Great Expectations : Data Quality 를 위한 오픈소스 프레임워크

박슬기·2022년 12월 3일

Great Expectations data quality

Data Quality

목록 보기

3/4

https://docs.greatexpectations.io/docs/

Overview

데이터 품질을 유지하고 팀 간 의사소통을 개선하기위해 데이터를 검증, 문서화, 프로파일링하는 도구
데이터에 대한 unit test, 데이터 문서 및 데이터 품질 보고서 생성
python 기반 도구이기때문에 python 환경에서 잘 동작함 (이외 환경은 더 나은 선택지가 있을 수 있음)

Key Features

Expectations : 데이터에 대한 검증 가능한 주장
Automated data profiling : 자동화된 데이터 프로파일링 제공
- 라이브러리는 기본 통계를 얻기위해 데이터를 프로파일링하고, 데이터에서 관찰된 내용을 기반으로 일련의 Expectations를 자동으로 생성
Data validation : Expectations를 생성하고 나면 Great Expectations는 임의의 배치 또는 여러 데이터 배치를 로드하여 데이터를 검증할 수 있음
- Great Expectations는 Expectation Suite 의 각 Exepctation이 통과 또는 실패했는지 여부를 알려주고, 테스트에 실패한 값을 반환하므로 데이터 문제 디버깅 속도를 크게 높일 수 있음
Data Docs : Great Expectations는 사람이 읽을 수 있는 HTML 데이터 문서를 반환
Support for various Datasources and Store backends
- Pandas Dataframe, Spark Dataframe, SQL Databases
- 다양한 데이터소스와 스토어를 지원. 즉, 데이터를 검증하기위해 특정 DB에 데이터를 보관할 필요없음
- 메타데이터 저장소를 구성하여 S3 및 Google Colud Storage와 같은 클라우드 저장소는 물론 파일 시스템, 데이터베이스에 모든 메타데이터(Expectations, 유효성 검사 결과 등)를 저장할 수 있다

Requirements and Installation

python 3
pip

$ pip install great_expectations

Concepts

저자가 느끼기에도 굉장히 복잡한 편이며 용어나 제공되는 API 가 굉장히 많다, 이런 전반적인 개념은 실제로 구축하면서 추가로 살펴보도록 하고 이 포스팅에서는 제공하는 튜토리얼 내용에 집중해서 기본적인 개념만 다루도록 하겠다.

Great Expectations 에서 제공하는 튜토리얼 기반으로 개념을 간략하게 정리한다

1. Create a Data Context

Data Context가 프로젝트 구성을 관리한다

프로젝트 디렉토리 내에서 great_expectations init 를 실행 (git init 과 비슷)
- 프로젝트 내에 great_expectations 디렉토리가 생성되고, 하위에 필요한 디렉토리 및 구성 파일을 구축

$ great_expectations init
Great Expectations will create a new directory with the following structure:
    great_expectations
    |-- great_expectations.yml # 배포의 기본 구성
    |-- expectations # 모든 Expectation의 Json 파일
    |-- checkpoints
    |-- plugins # 배포의 일부로 개발하는 사용자들의 커스텀 플러그인
    |-- .gitignore
    |-- uncommitted # 버전 컨트롤에 있어서는 안되는 파일들
        |-- config_variables.yml # 데이터베이스 credentials 과 같은 민감한 정보
        |-- data_docs # Expectations, Validation Result, 기타 메타데이터에서 생성된 data docs
        |-- validation # great expectations 에 의해 생성된 검증 결과 보유

2. Connect to Data

Datasource 는 데이터 참조를 위한 일관된 cross-platform API 를 관리하고 제공한다

프로젝트 디렉토리 내에서 great_expectations datasource new 를 실행
- 연결할 데이터의 형식 (filesystem / 관계형 DB)
- 데이터 처리 방식 (pandas / pyspark)
- 데이터 경로


$ great_expectations datasource new
 
What data would you like Great Expectations to connect to?
    1. Files on a filesystem (for processing with Pandas or Spark)
    2. Relational database (SQL)
:1
 
What are you processing your files with?
    1. Pandas
    2. PySpark
:1
 
Enter the path of the root directory where the data files are stored.

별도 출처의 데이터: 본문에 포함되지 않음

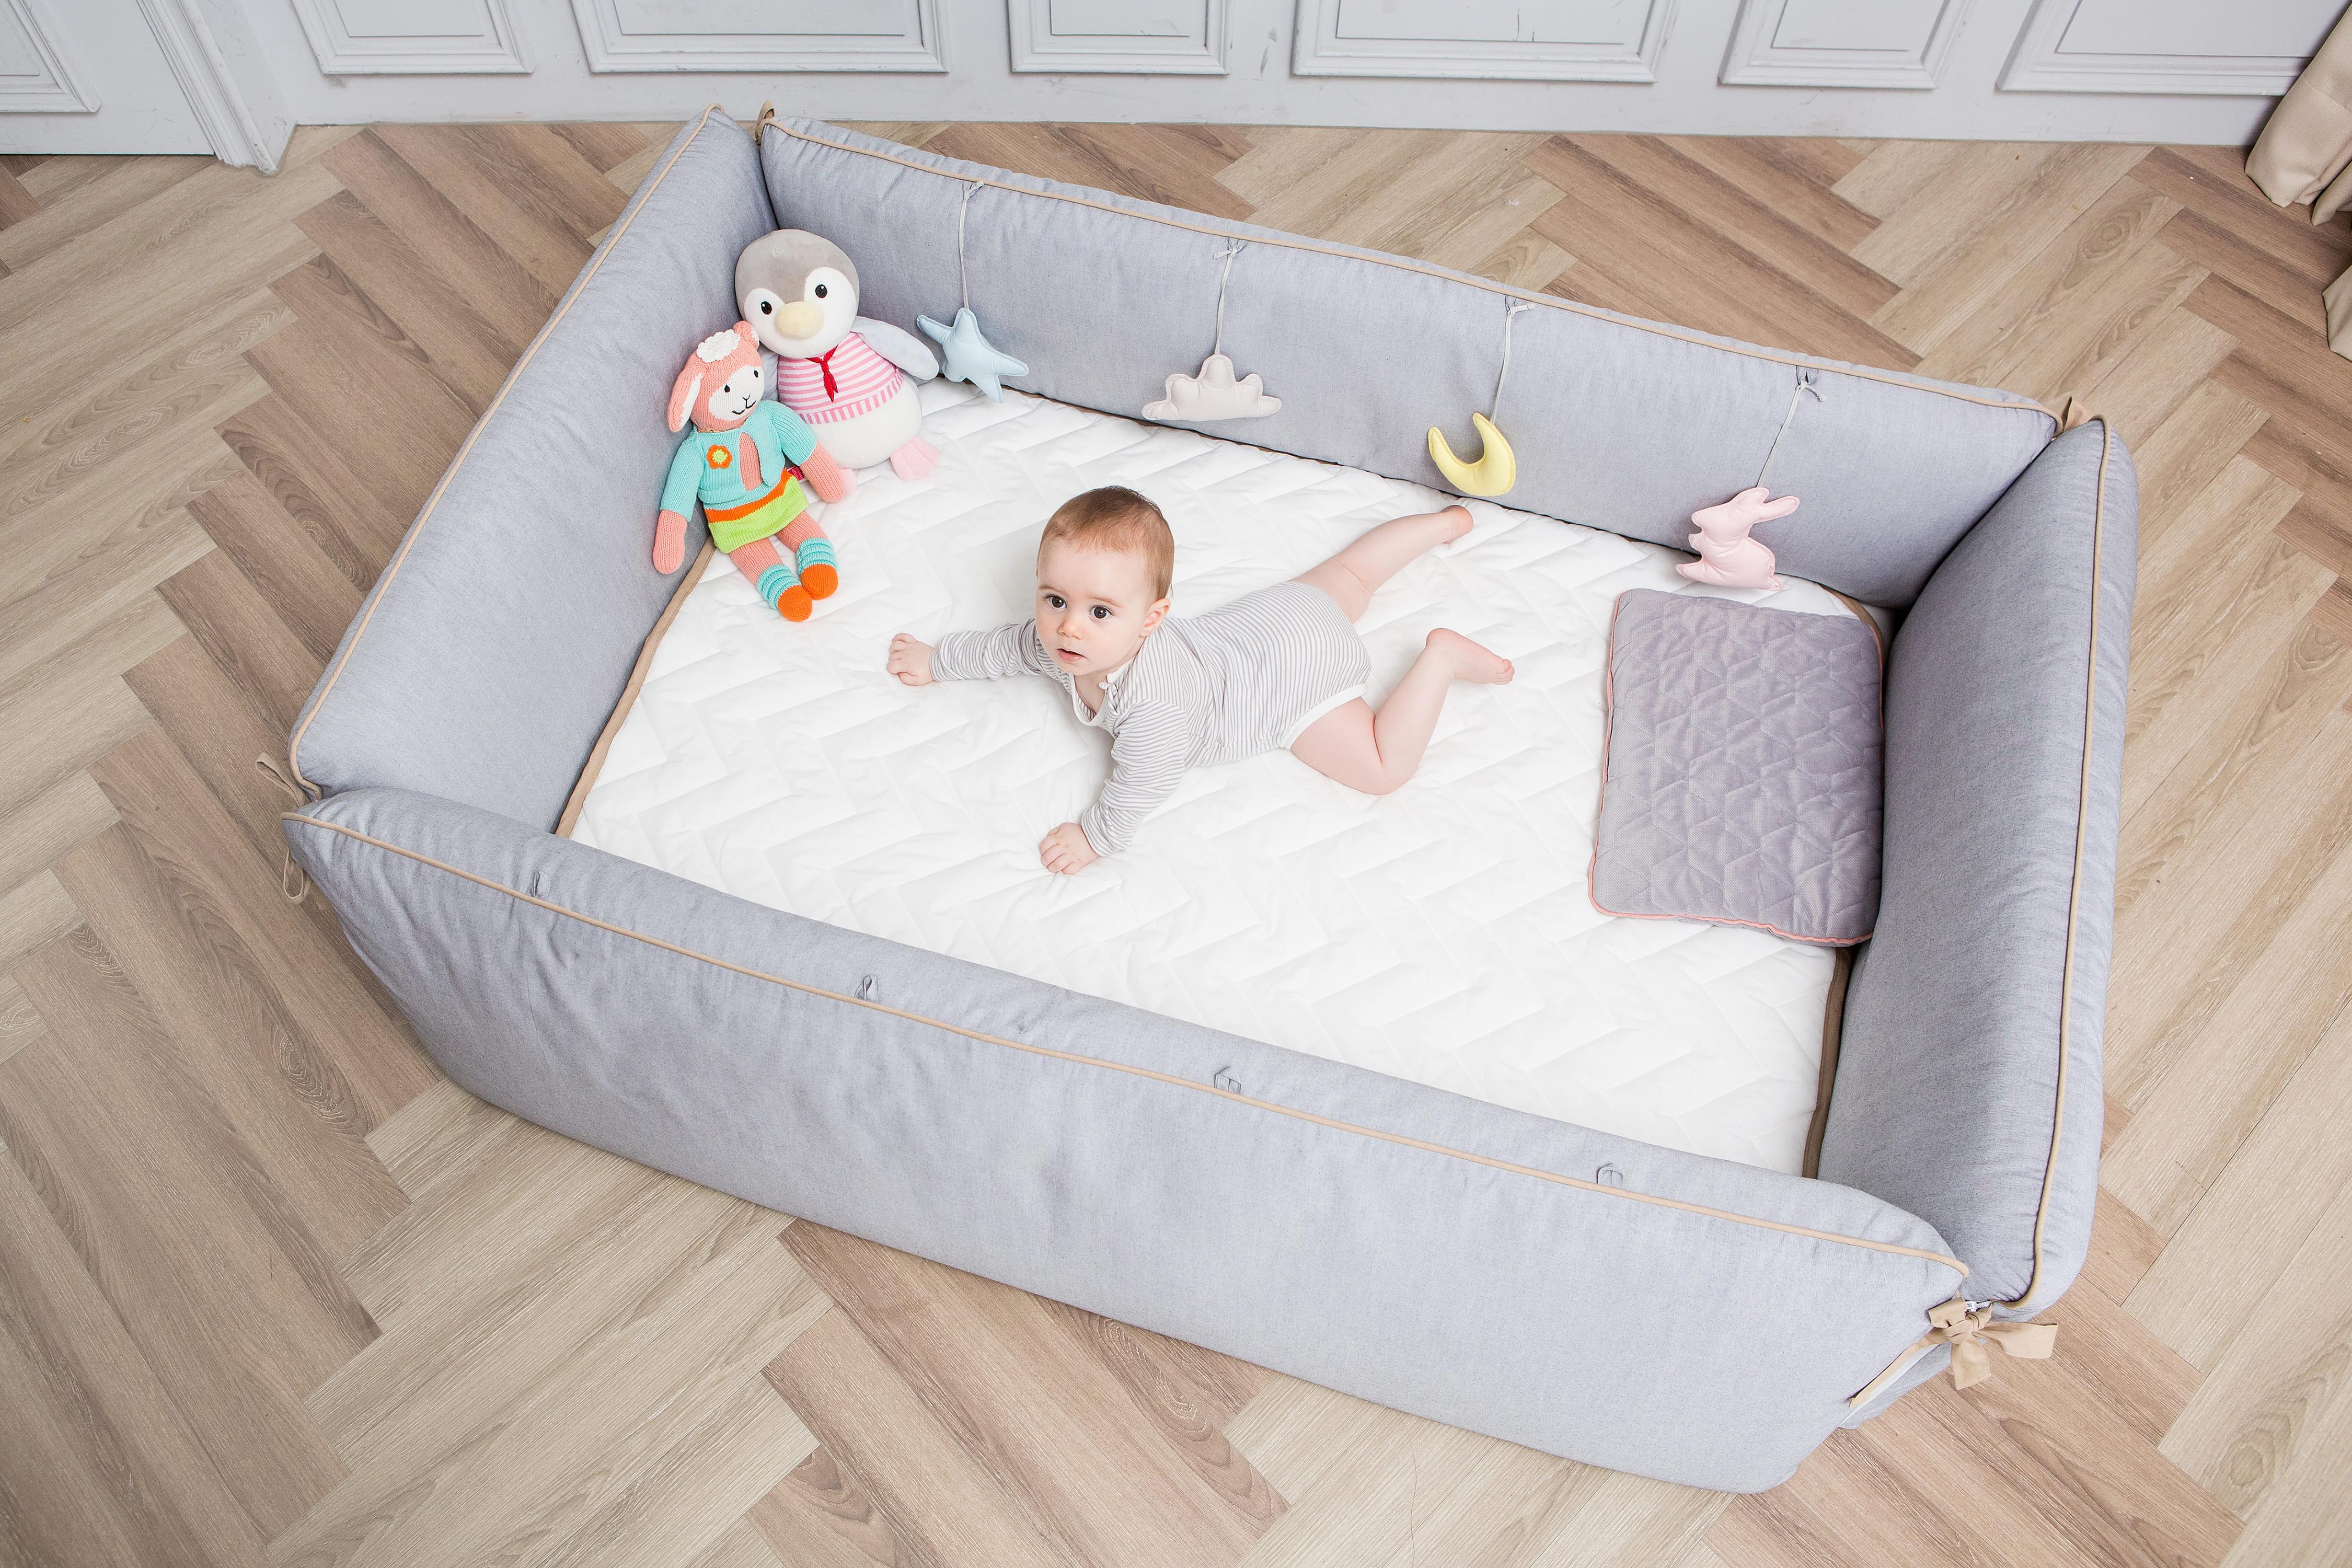 gunite嬰兒床一體成形不卡手腳
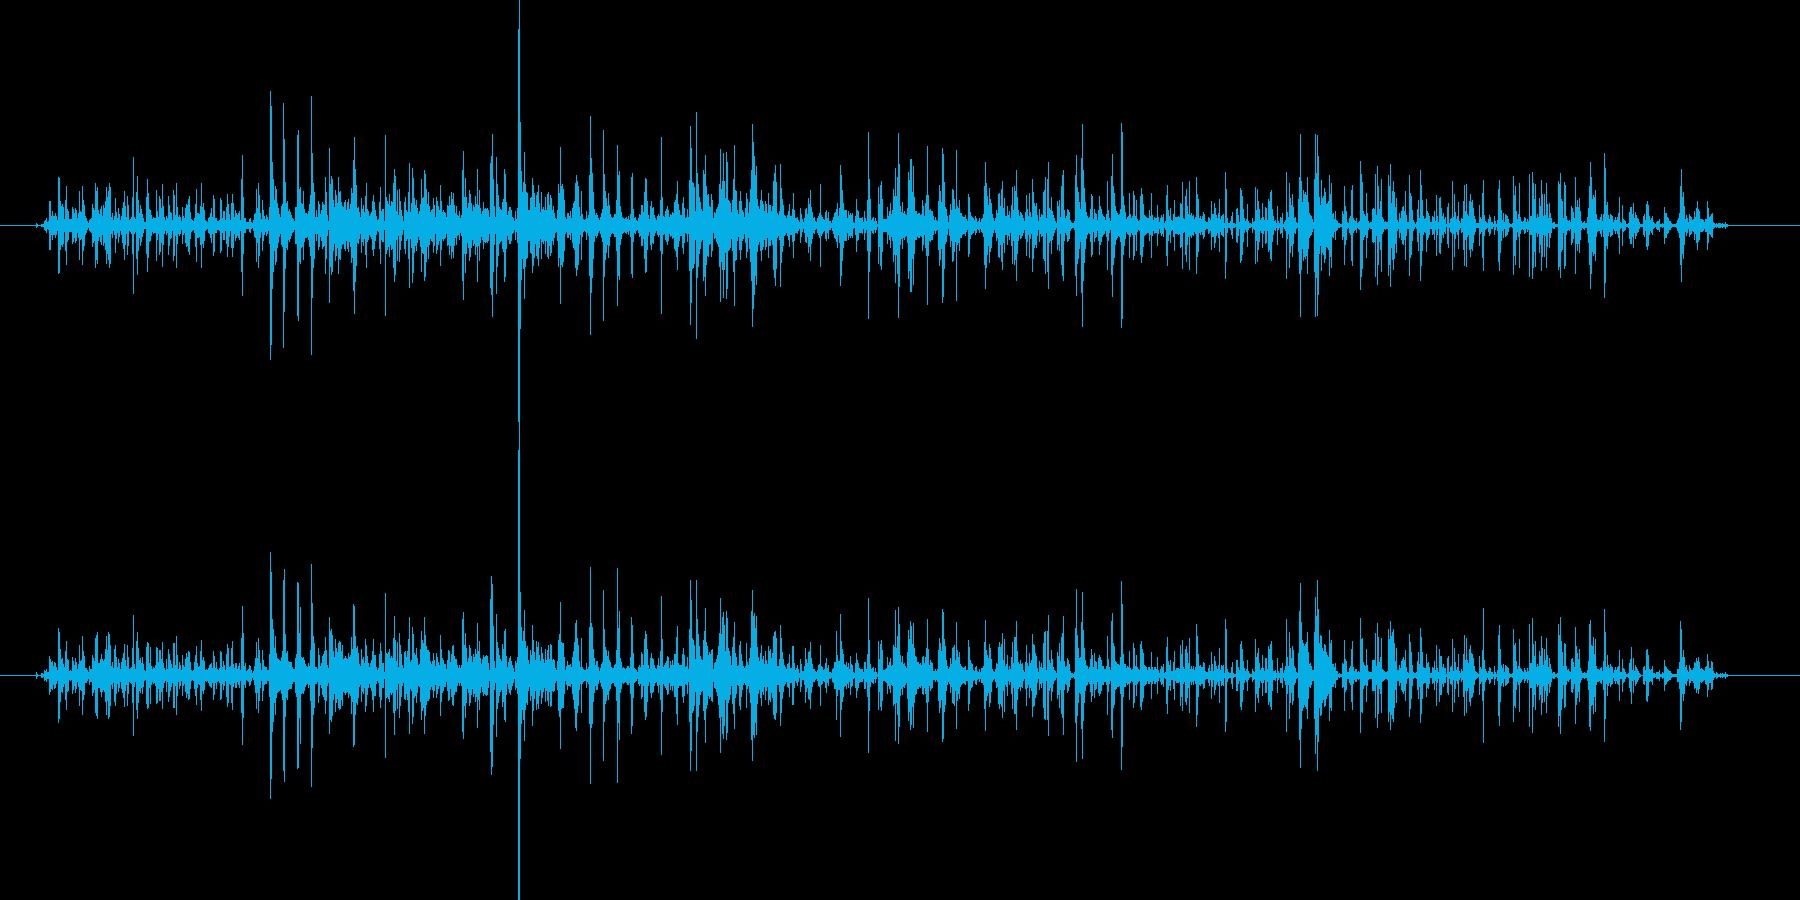 シャララーン…鈴の音色のような効果音の再生済みの波形

If files are on local disk
enter a path relative to your current working directory or an absolute path.
:data

여기서 헷갈릴 수 있는 점은 위의 입력이 끝났다고 실제 Datasource 가 생성되는건 아니라는 것이다. 입력이 끝나면 위에서 정의한 Datasource 를 생성하기위한 몇 가지 상용구 코드가 포함된 jupyter notebook이 열린다.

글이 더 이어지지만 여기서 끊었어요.